Analysis of transactions and tips for trading EUR/USD

There was no strong movement in the pair on Wednesday despite the surge in volatility in the afternoon.

EUR/USD rose on Wednesday morning, thanks to Italy's retail trade data and Germany's industrial output report. US labor market data from the ADP also led to a spike in volatility, but the pair's direction was rather unclear.

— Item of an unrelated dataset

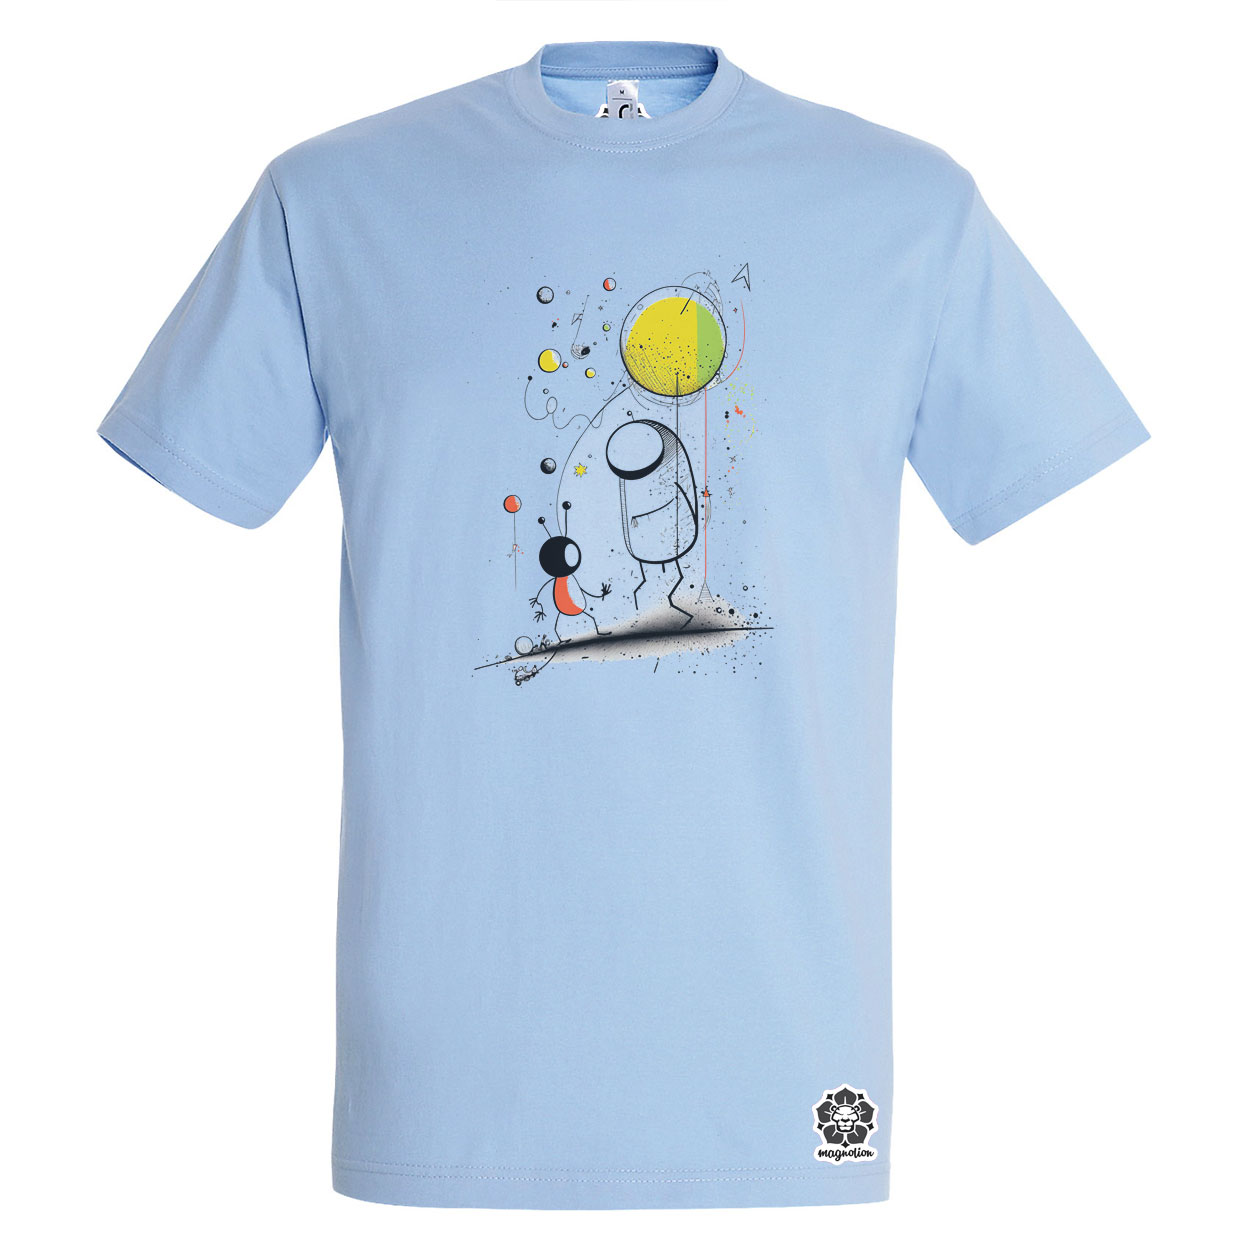 Joan Miró űr és asztronauta v1

Today, there is nothing that could influence the market, so expect trading to remain within the current price channel. And even if the US publishes its weekly jobless claims report in the afternoon, followed by a speech from FOMC member Michael Barr, they are unlikely to trigger a strong downward move in the pair.

For long positions:

Buy euro when the quote reaches 1.0561 (green line on the chart) and take profit at the price of 1.0591. Growth is unlikely today. If there is, it will only be a slight upward correction and nothing more. Nevertheless, make sure that when buying, the MACD line is above zero or is starting to rise from it. Euro can also be bought at 1.0537, but the MACD line should be in the oversold area as only by that will the market reverse to 1.0561 and 1.0591.

For short positions:

Sell euro when the quote reaches 1.0537 (red line on the chart) and take profit at the price of 1.0504. Pressure will return if the US releases a strong labor market data. However, make sure that when selling, the MACD line is under zero or is starting to move down from it. Euro can also be sold at 1.0561, but the MACD line should be in the overbought area as only by that will the market reverse to 1.0537 and 1.0504.

What's on the chart:

The thin green line is the key level at which you can place long positions in the EUR/USD pair.

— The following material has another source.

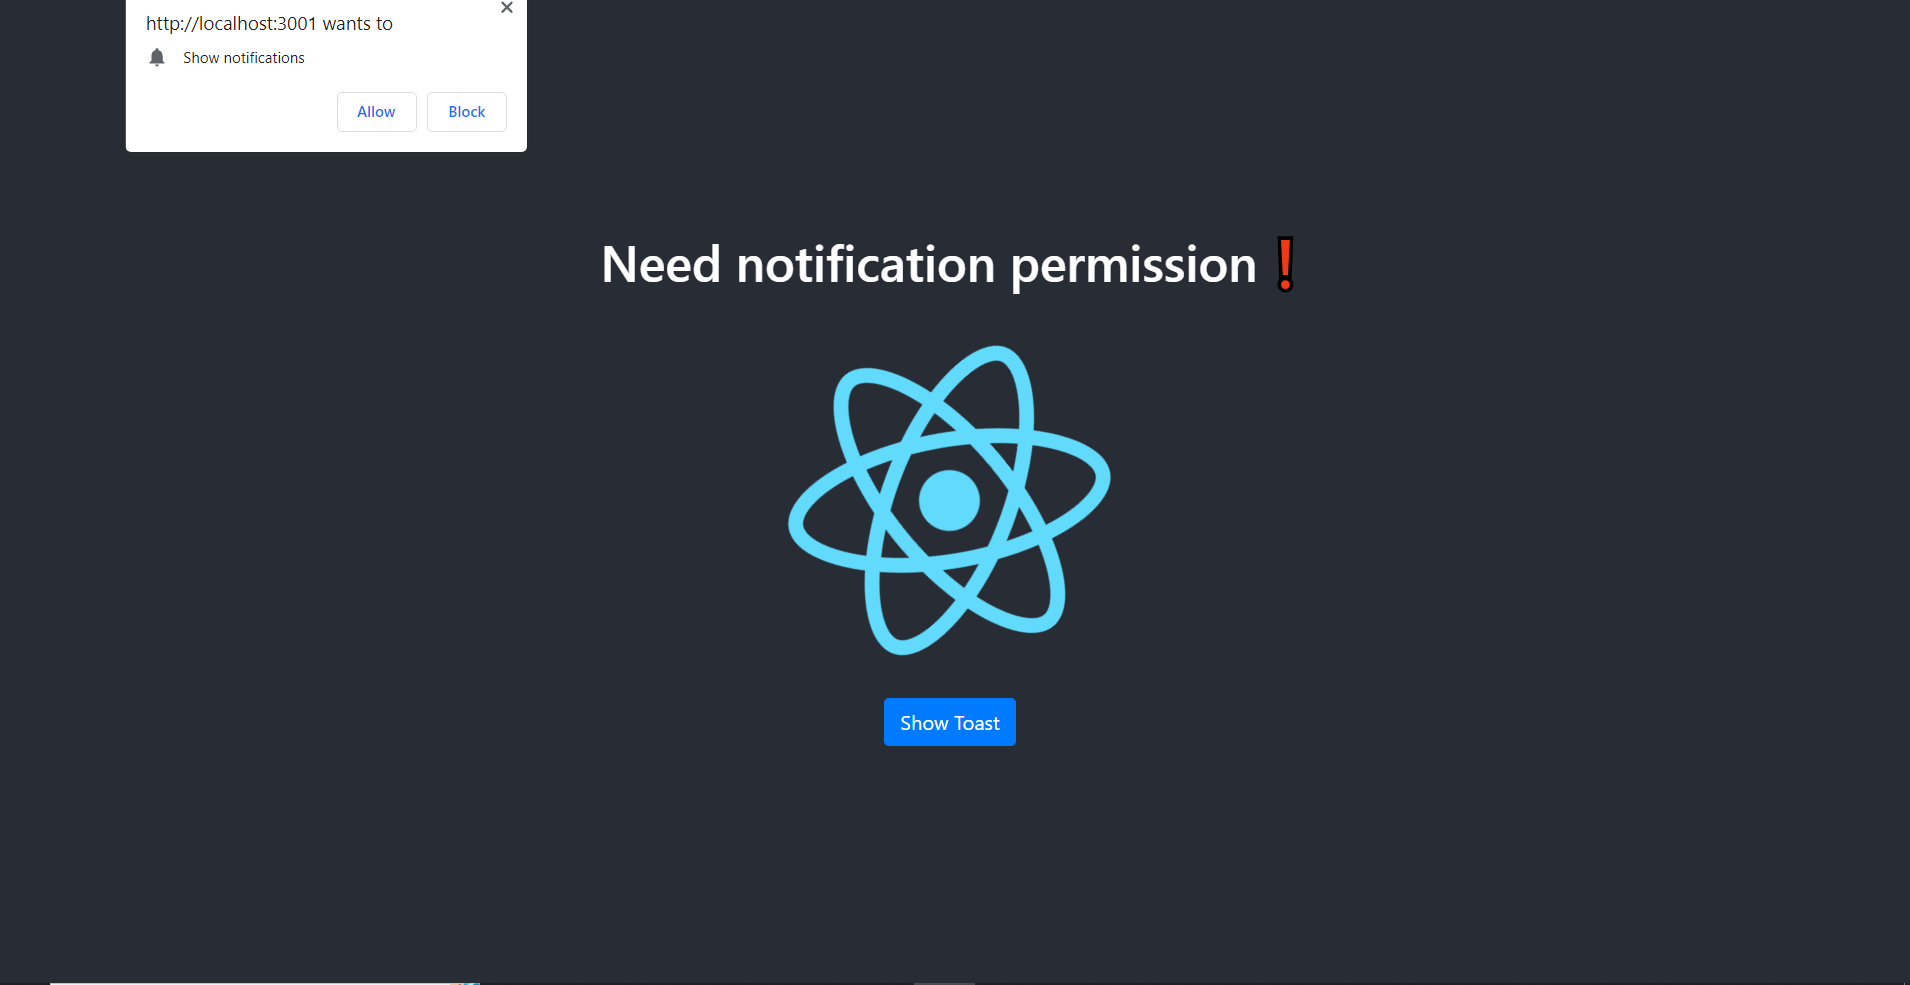 App screenshot: Allow notifications pop up

The thick green line is the target price, since the quote is unlikely to move above this level.

The thin red line is the level at which you can place short positions in the EUR/USD pair.

The thick red line is the target price, since the quote is unlikely to move below this level.

MACD line - when entering the market, it is important to be guided by the overbought and oversold zones.

Important: Novice traders need to be very careful when making decisions about entering the market. Before the release of important reports, it is best to stay out of the market to avoid being caught in sharp fluctuations in the rate. If you decide to trade during the release of news, then always place stop orders to minimize losses. Without placing stop orders, you can very quickly lose your entire deposit, especially if you do not use money management and trade large volumes.

And remember that for successful trading, you need to have a clear trading plan. Spontaneous trading decision based on the current market situation is an inherently losing strategy for an intraday trader.